# nissan maxima alternator repair cost: $300 ???



## Steven Enger (Jun 11, 2019)

I own 1998 nissan maxima 3.0L,the maxima alternator bought on three years ago and it is not working properly now.
I had a local mechanic test it,he said this alternator can be repaired and at cost of $300.
Wow,I think the repairing cost is quite a bit,right? 
I see a new alternator replacement online only need $70 -$80,like Hex Auto Parts, DB Electrical or advanceautoparts.
Is $300 a fair price to have an alternator fixed?
Please advice.


----------



## rogoman (Dec 16, 2004)

New OEM alternators from a Nissan dealer are very expensive; generally more then $300, but they are very reliable and generally last for many years. If your local mechanic does a good job on repairing your old alternator, then that's your best bet as long as it's covered with a good warranty.

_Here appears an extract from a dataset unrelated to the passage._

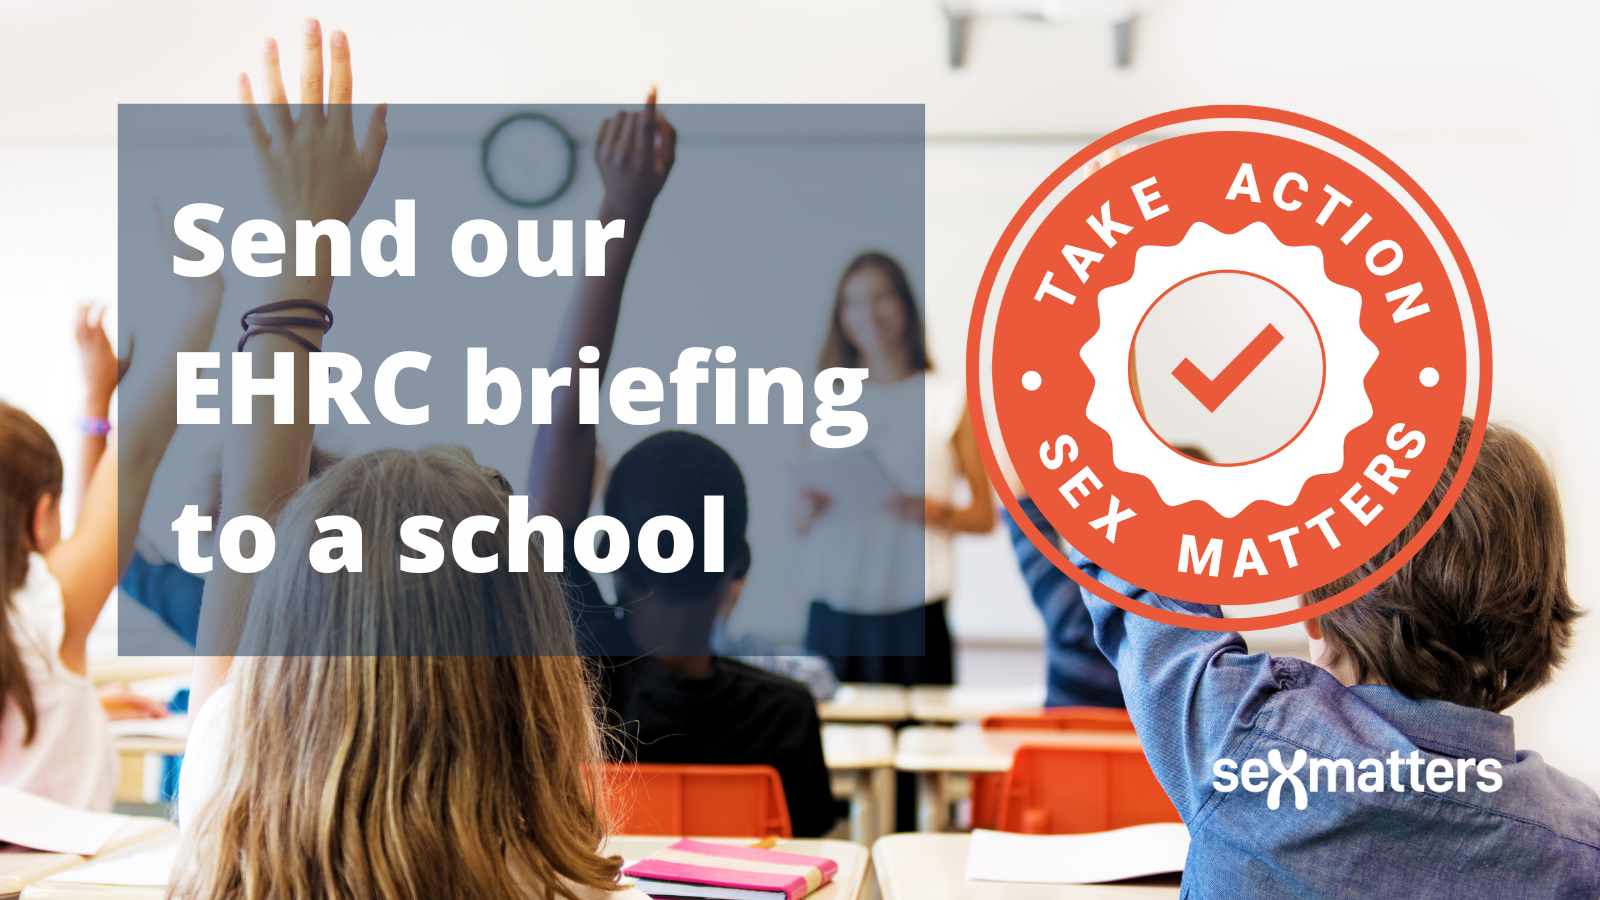 Send our EHRC briefing to a school

New aftermarket electrical parts are cheap in price because they are cheaply made; not following auto manufacturers OEM standards in most cases. They generally last only 6 months or so and many times are DOA. 

If you were to shop for an alternator at an auto parts store, would it be new or re-manufactured or rebuilt. With rebuilt parts, rebuilders will use a vehicle's old part and replace just the worn components. If the vehicle's old part cannot be rebuilt because it is too worn, they will use a part from another vehicle (referred to as a 'core'). If a core is used, than they will replace only what is needed in the core. With re-manufactured parts usually (not always) refers to a part that, for all practicable purposes, has been completely re-manufactured to the standard of a new part. So to summarize, new or re-manufactured are the best to buy. A rebuilt part may still be defective or DOA when you're ready to use it.


----------



## smj999smj (Jan 1, 2006)

Does that include the cost of the labor? If you are paying that much just for the part, you might as well get a genuine Nissan reman alternator. Personally, I would go to Rockauto.com and get Hitachi # ALR0006 for $122.79+shipping (plus a core charge of $45). Hitachi is the maker of the original alternator, so they should do a good job of remanufacturing. Depending where you go, labor should be around $175-$225 (it's not an easy one to get at). If the $300 quote is price and labor, then it's a fair price. Usually the repair costs around $600-$675 at a shop, parts & labor, if the shop supplies the parts.


----------



## ottos (Aug 20, 2016)

I think mine was around $125 installed for a rebuilt alternator. The new one on the car lasted 11 years. The rebuilt one is still working fine after 10 years.


----------